Before I get started I would like to make a couple things clear. I am in no way saying that our marriage is perfect and whatever we have done to get to this point is some kind of secret way to have a great marriage. We are still selfish, prideful, sinful people desiring to serve God and each other each day. By God’s grace, we’ve worked through a lot of things in the past 10 years. There’s been some pretty big bumps along the way. Even though I feel we are at a pretty sweet spot in marriage right now, that doesn’t mean our lives are easy. In some ways I think they’re harder. But so rich. And so good. And fulfilling. Do I wake up everyday thinking those things? Nope. But overall we are content and we are in this for the long haul. Also, I realize everyone’s marriage is different and everyone walks a different road. Things I’ve learned may not be relevant to you. Whether your marriage is similar or super different, or maybe you’re not married at all…I hope this post is an encouragement to you. So without further ado…
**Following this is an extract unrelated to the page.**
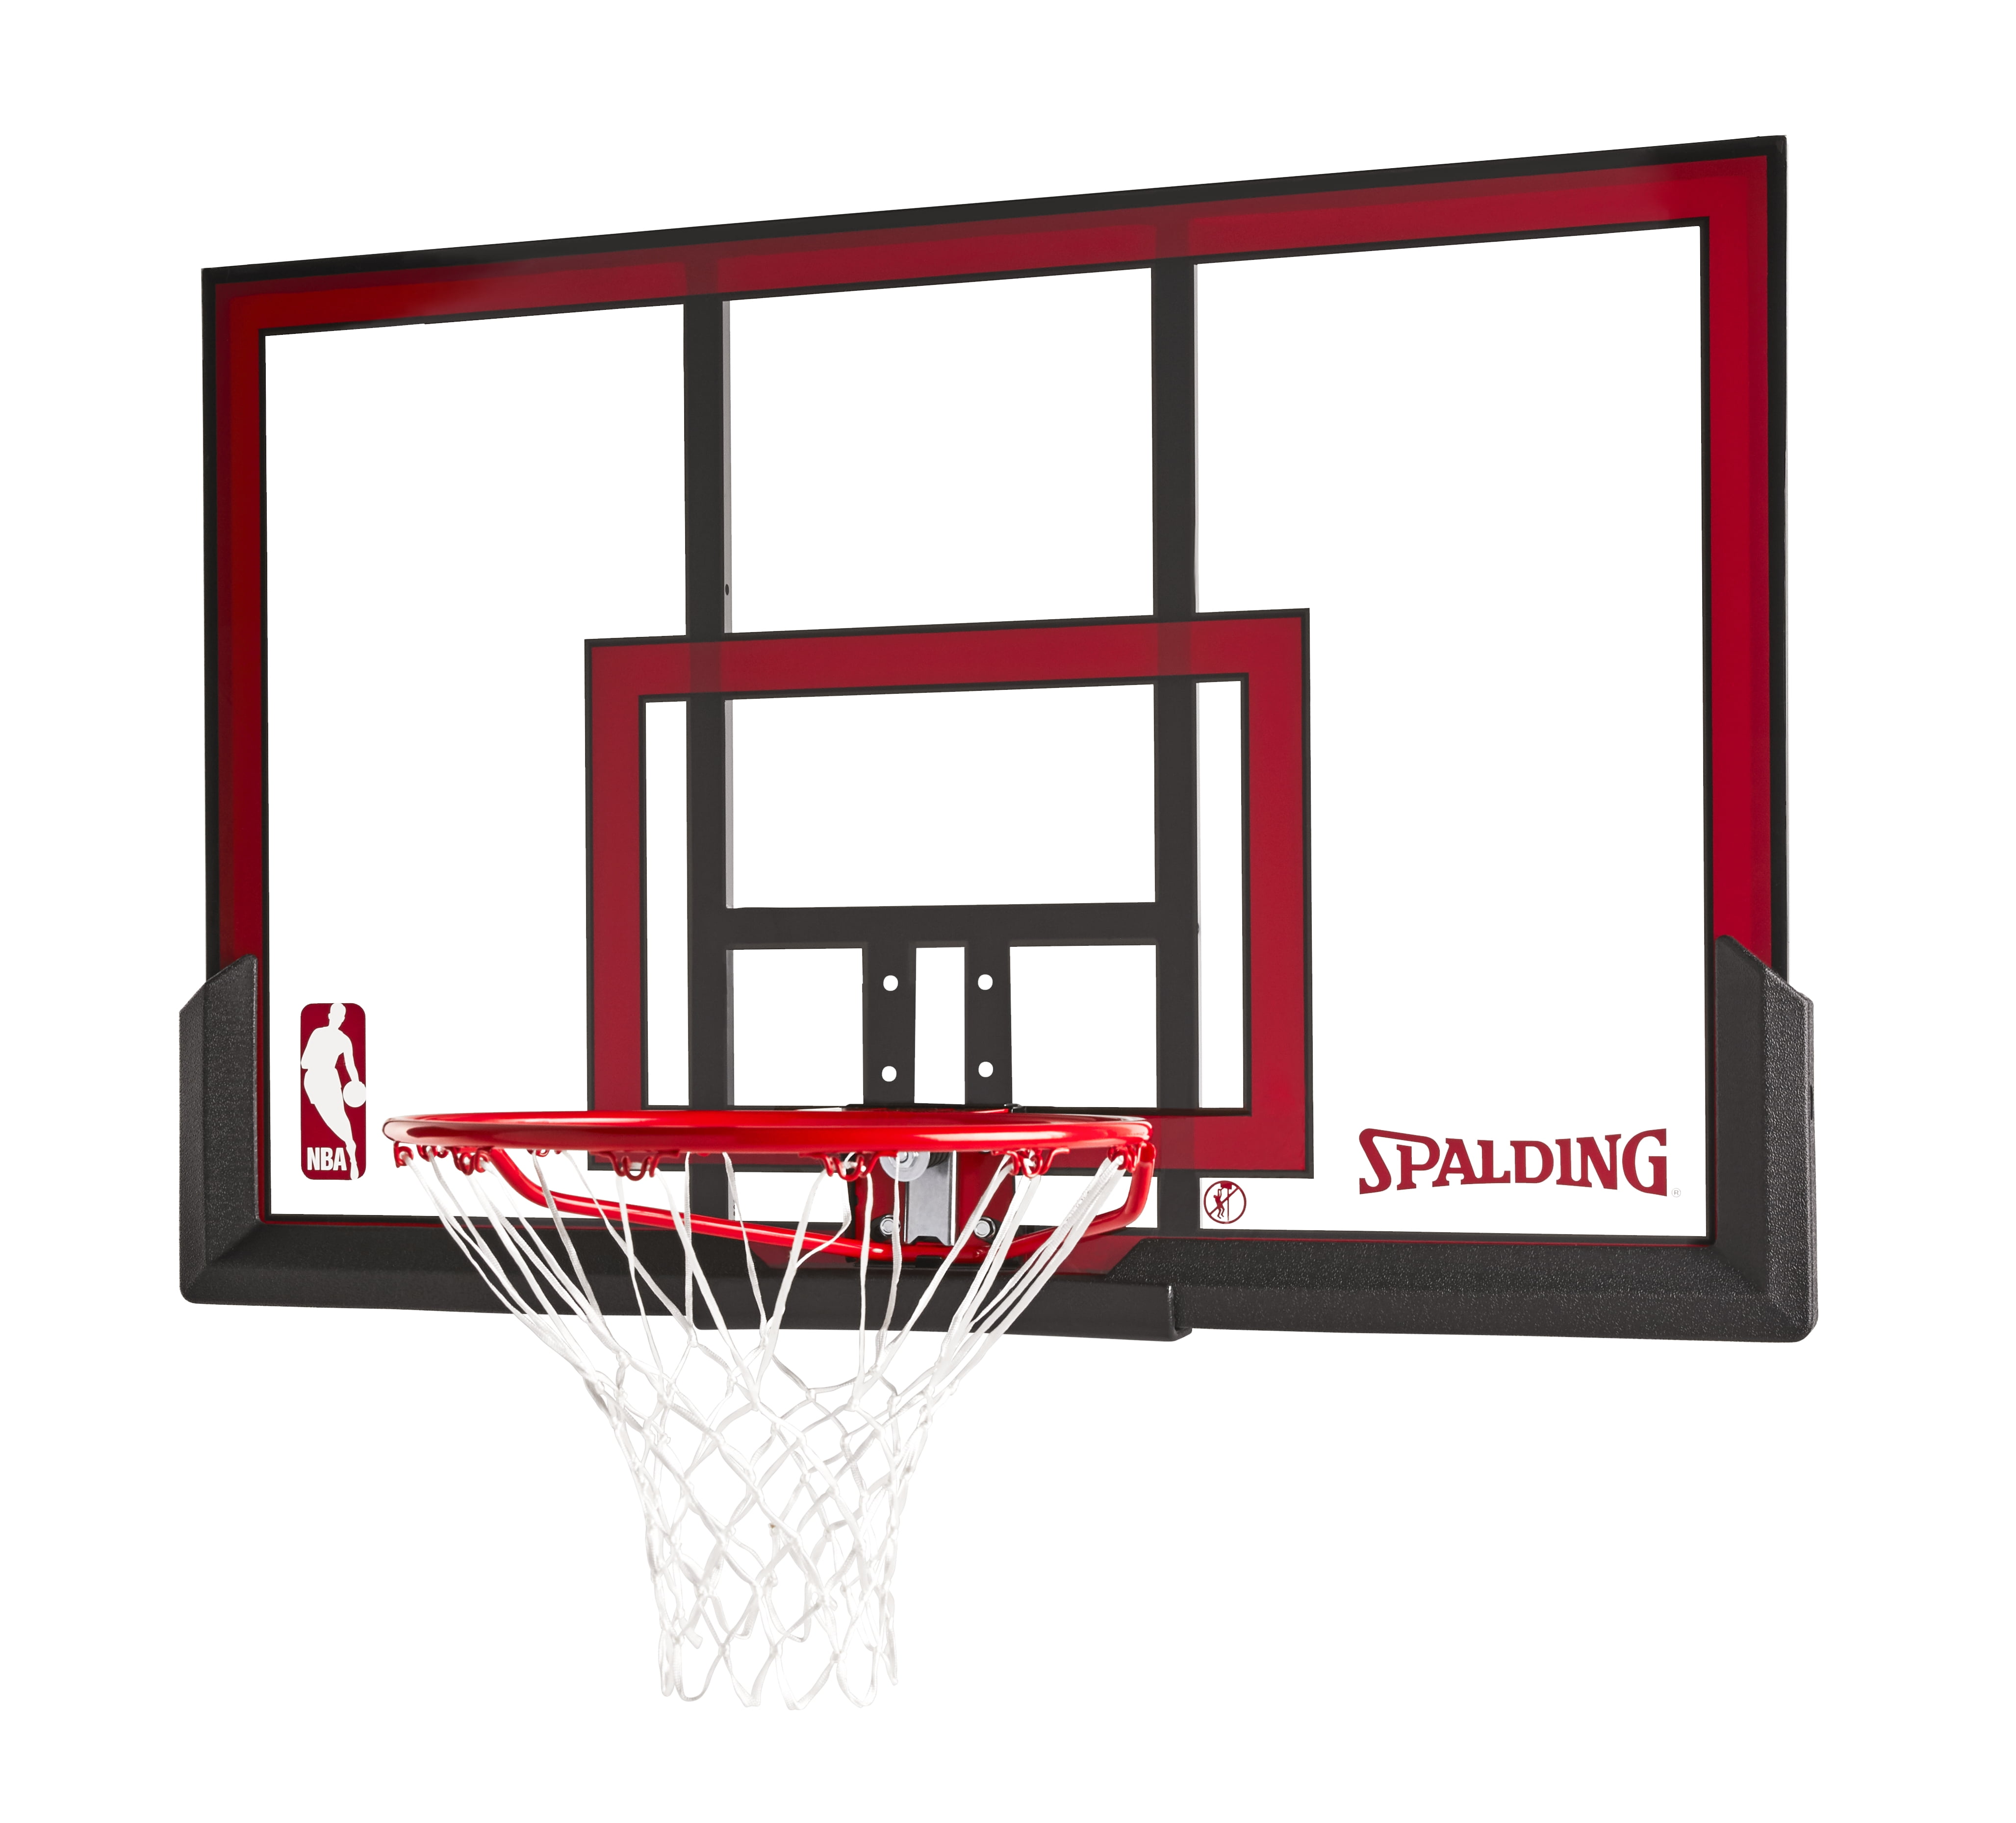 Spalding 54" Backboard and Rim Combo for sale online

10. I’m very pro pre-marital counseling. And the more in depth it is, the better! Not that I was against it before marriage, (we had some pretty intense pre-martial counseling) I just didn’t grasp how incredibly important it was/is to starting out marriage. When seeking the appropriate counsel and going through the right materials an engaged couple will be given tools to communicate, understand one another, and lay a foundation for a successful and fulfilling marriage. It’s also important to understand the purpose of marriage is not to make each other happy but holy. Pre-marital counseling sets the stage for expectations and brings things to light that need to be discussed before jumping into marriage. It’s so vital to be on the same page spiritually.
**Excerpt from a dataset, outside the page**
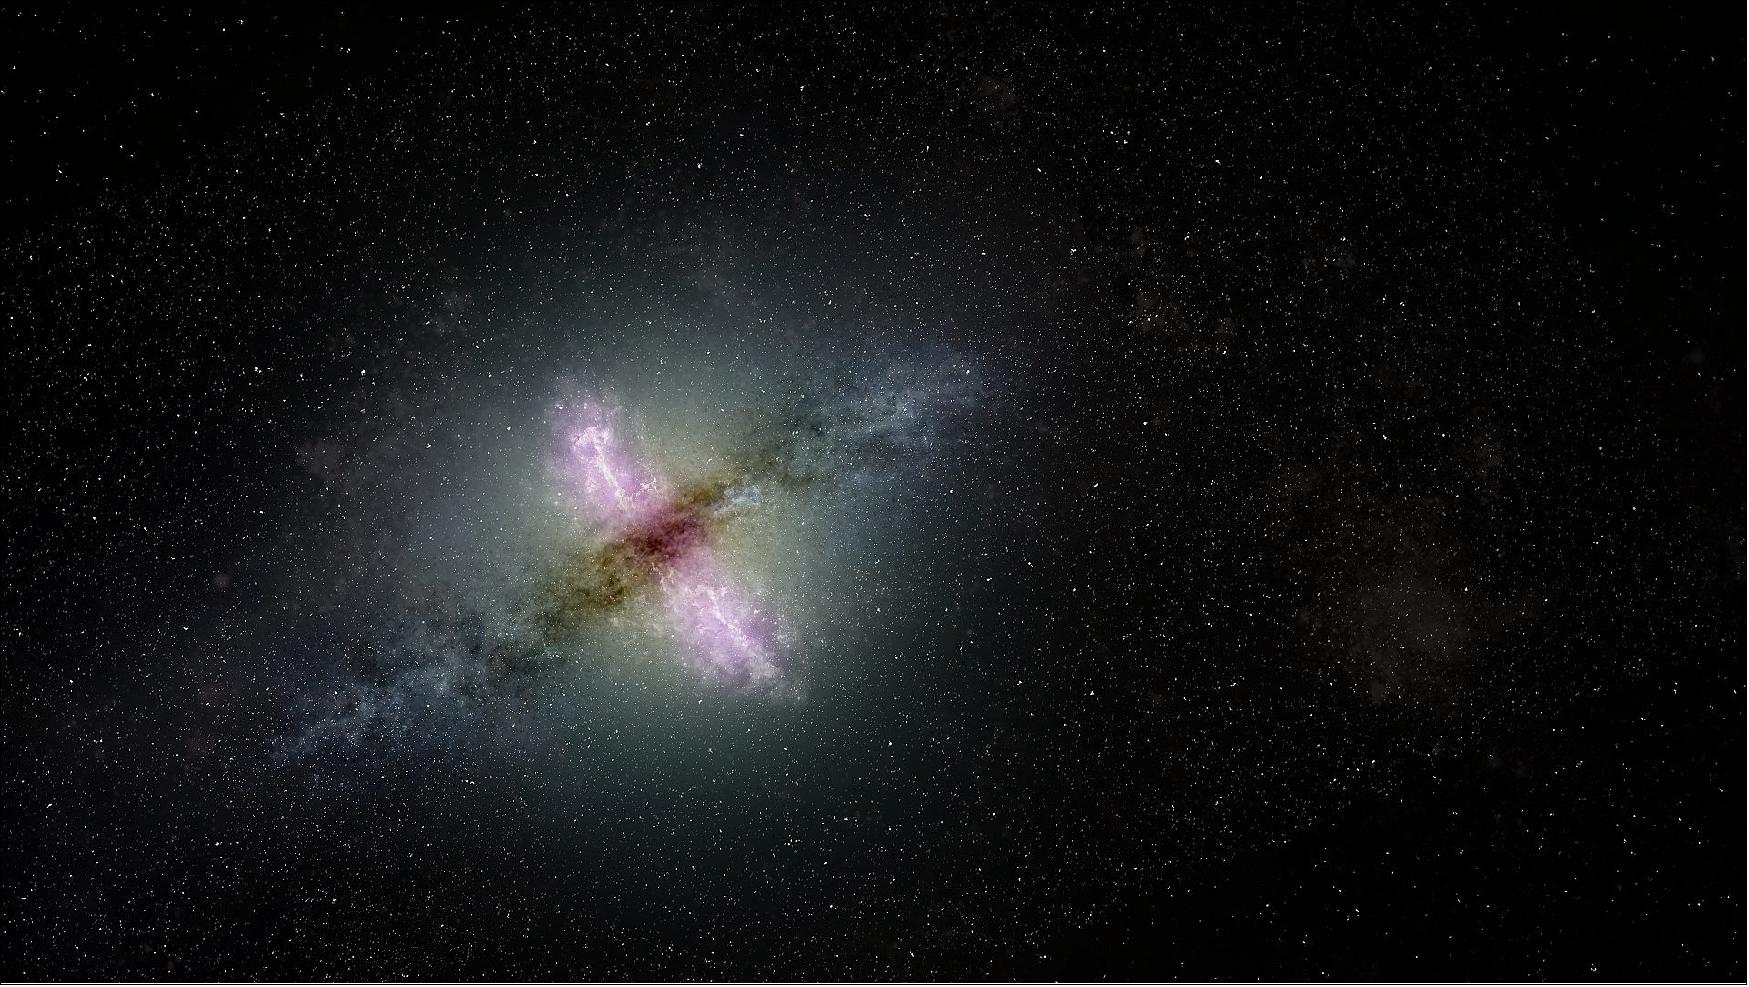 Figure 39: Artist's conception of a galaxy with an active nucleus propelling jets of material outward from the galaxy's center (image credit: Sophia Dagnello, NRAO/AUI/NSF)

9. Deeper respect for Biblical marriage. It’s no surprise that biblical marriage is under attack in this country today. It’s a very strategic move by the enemy to break down something that God has created to reflect Christs relationship with the Church. Not only does he break apart the biblical view of marriage, but he breaks down how God created a family to function. I’m not only talking about our cultures acceptance of homosexuality, but also of our cultures acceptance of divorce. God is clear in the Bible, He hates divorce. And after having been in a marriage for awhile now, I can see many reasons why. It grieves my heart when I hear of marriages falling apart or succumbing to divorce. Like I said, our marriage is far from perfect, but I feel I’ve gotten small tastes of God’s grace and blessings that come from a marriage that seeks to glorify Him. And knowing what that’s like…I want everyone to have that. It makes me want to fight for my marriage and others marriages however I can. Many times there is nothing I can do but pray. And prayer is a powerful weapon, so I will use it as much as I can in hopes that marriages will be saved through God’s power.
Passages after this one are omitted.